Preferably, the HRTFs are equalized for maximum sound quality with
good vocalisation properties.
[0119] The front sum filter 128 of FIG. 9 is an approximation of
the sum and direct and shadowed frontal HRTF.
[0120] The filter implementation can be a direct form transfer
function (FIR) and (IIR) with a substantial FIR component allowing
for non-minimum phase transfer function. The system orders can be
selected by calculating a grid of approximation error versus FIR
and IIR order. The Sum and Difference filters can be approximated
with the order set at each point in the grid, then the error in the
Direct and Shadowed HRTF plotted--this is shown in FIG. 11 and FIG.

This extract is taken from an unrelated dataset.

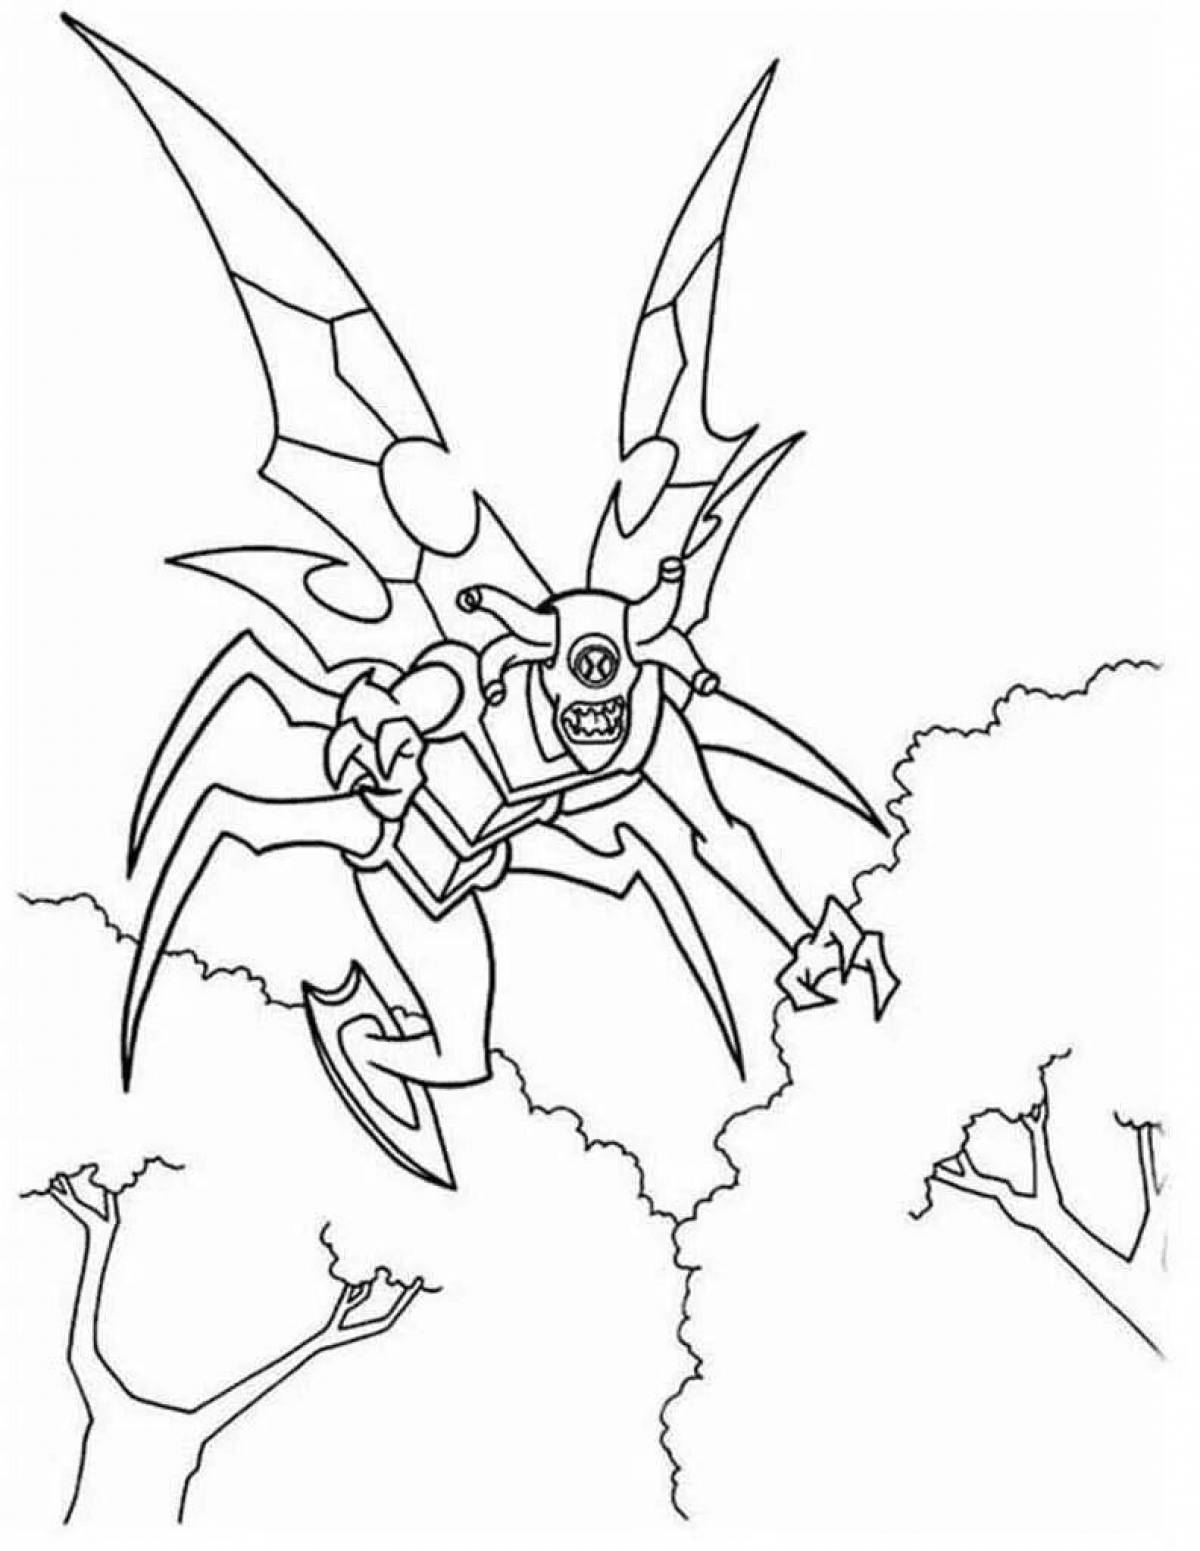 Attraction benten 10 coloring pages

12 for the front direct and shadowed response respectively. Prony
analysis was used for the approximation.
[0121] The plots exhibit "knee" characteristics demonstrating the
significance of a certain order and diminishing returns beyond
that. The order for the two frontal filters can be selected based
on this information. Effective results were obtained with a FIR
order of 14 and an IIR order of 4.
[0122] The front difference filter 129 of FIG. 9 can be an
approximation of the frontal Direct HRTF minus the frontal Shadowed
HRTF. The approximation can be carried out as described in the
previous paragraph resulting in an FIR order of 14 and IIR order of
4.
[0123] The rear sum filter 119 is an approximation of the rear
Direct HRTF plus the rear Shadowed HRTF. The approximation can be
carried out as described for the frontal filters. A FIR order of 25
and IIR order of 4 was selected.
[0124] The rear difference filter 120 is an approximation of the
rear Direct HRTF minus the rear Shadowed HRTF. The approximation
can be carried out as described for the frontal filters. A FIR
order of 25 and IIR order of 4 was selected.
[0125] The reverb filter long delay line 129 is fed with a sum 126
of all the inputs (mono signal). Two sets of sparse tap
coefficients are used to create two outputs from this delay line.

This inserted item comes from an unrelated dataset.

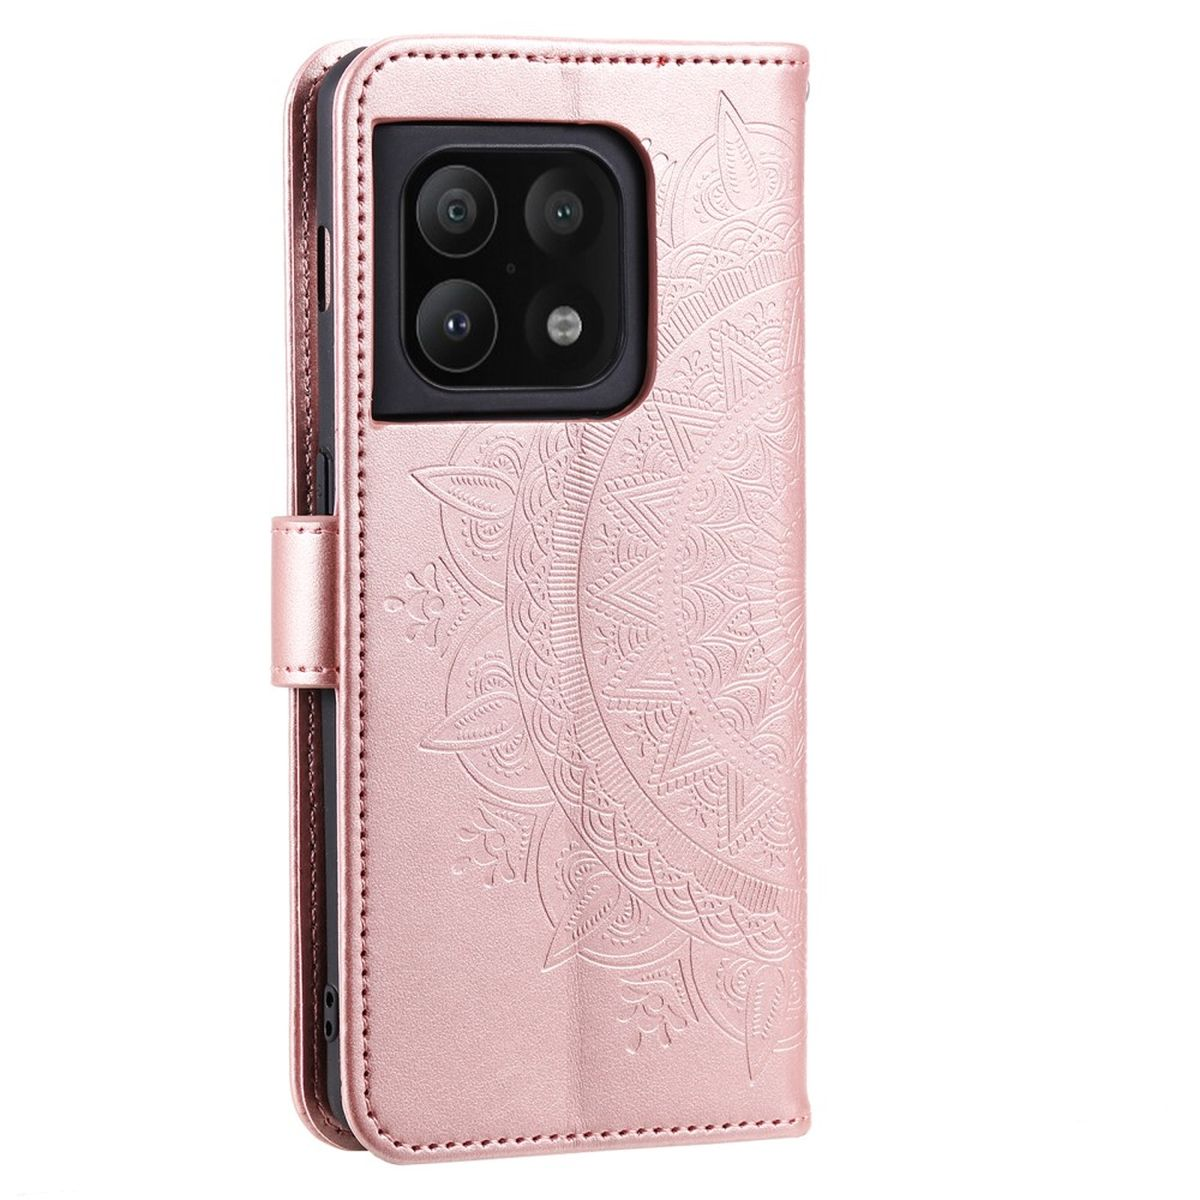 COVERKINGZ Klapphülle Bookcover, 10 Pro OnePlus, Muster, Mandala 5G, mit Rosegold

The delay line 127 can be as long or as short as memory allows. A
minimum length of around 300-400 taps is preferred for reasonable
results. The sparse tap coefficients are similar in properties but
quite different in value. In a first example, the actual taps used
were generated by a random process with the following constraints:
[0126] No taps are present in the first 300-400 taps. This is to
create a gap between the initial HRTF response and the first early
echoes. This is to prevent obscuring the spatial location in the
initial HRTF. [0127] The taps decrease is amplitude with time. This
is to model the attenuation of transmission through air and lossy
reflection. The decrease was dithered to provide a degree of
randomness. This level of detail is not necessary but for longer
filters with many taps it produces much more natural sounding
results. [0128] The taps increase in frequency with time. This is
to model the increasing density of early echoes as the path length
increases and the possible paths to the listener increases.

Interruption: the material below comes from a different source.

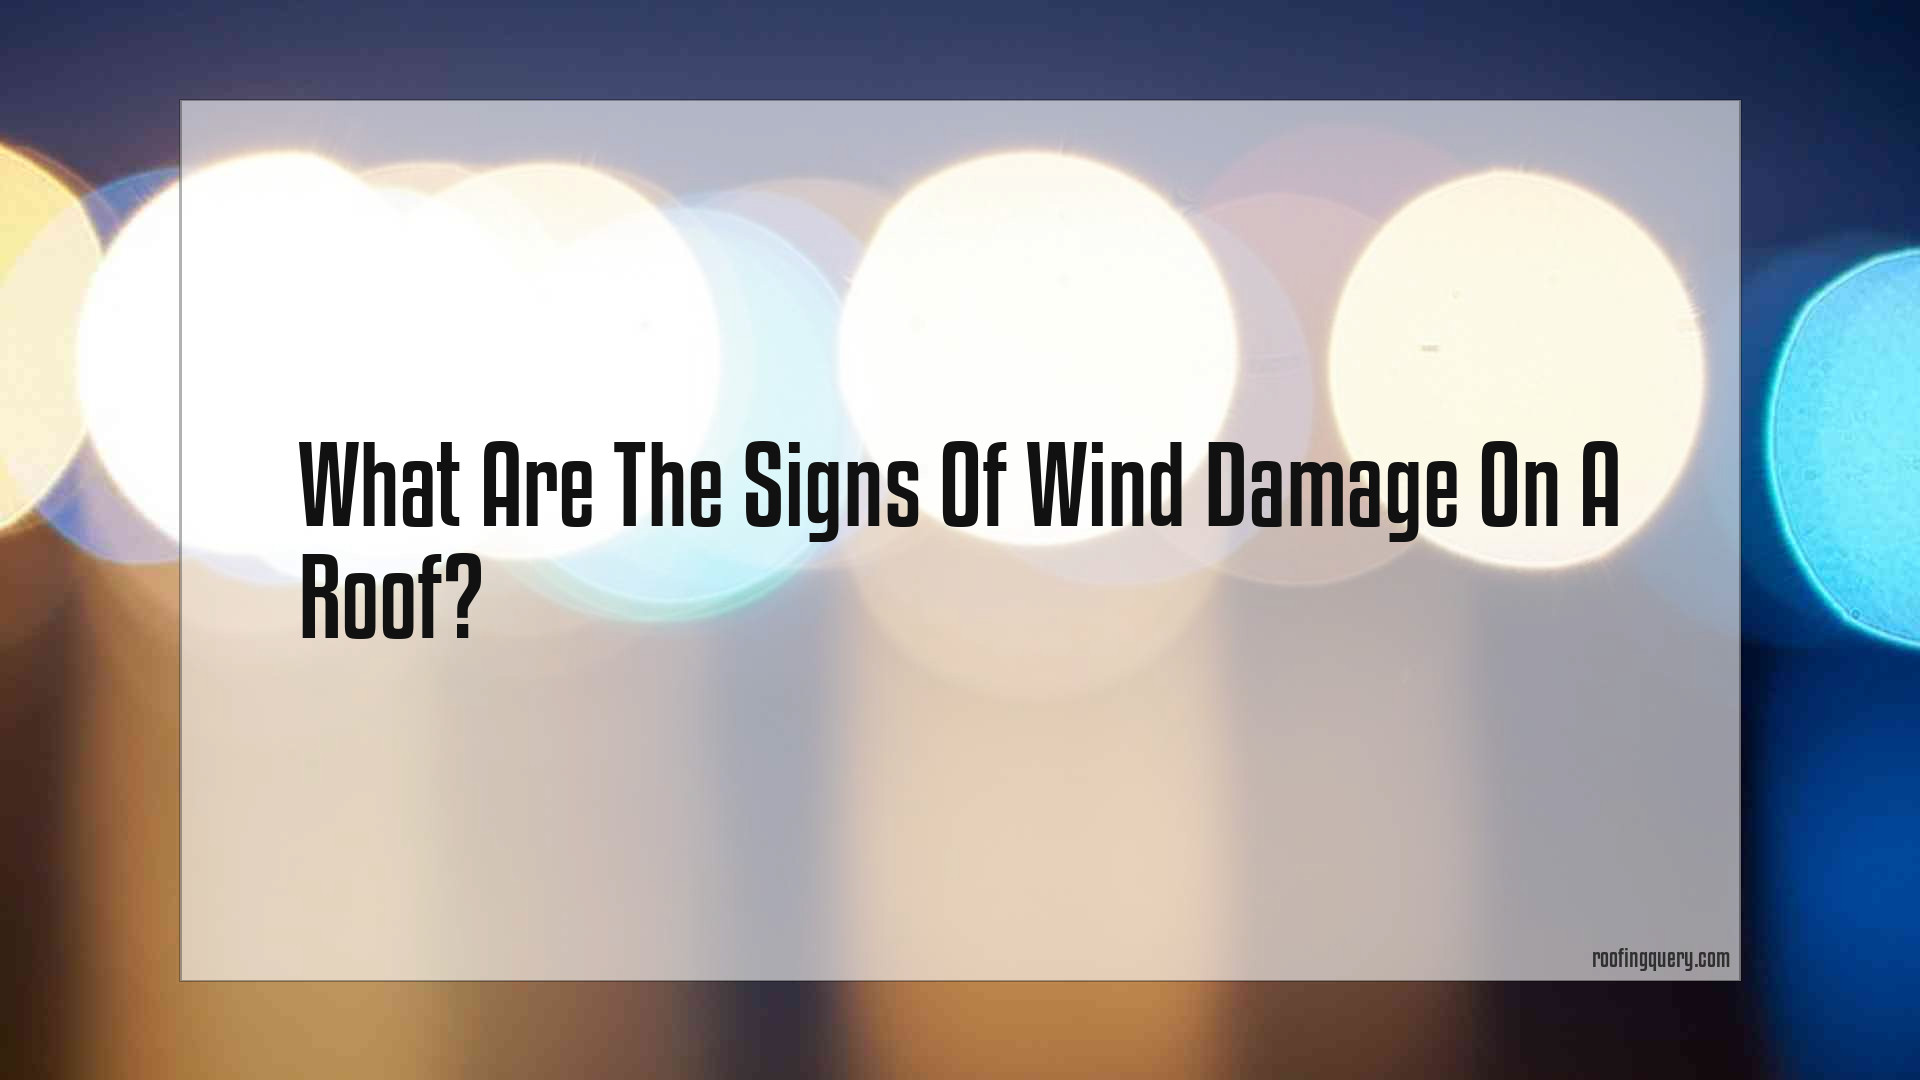 What Are The Signs Of Wind Damage On A Roof

[0129] Several sets of random coefficients were created under these
constraints and a set chosen which looked to be evenly spread (not
too clustered) and produced a good sound. An example of such a
sparse tap filter is shown in FIG. 13.
[0130] Other methods and approximations for deriving the sparse tap
coefficients may be used but experimentation found this method to
be suitable.
[0131] The basic property of the reverb filter 127 is to create two
uncorrelated outputs which contain information from the mono input
signal dispersed in time without significant frequency coloration.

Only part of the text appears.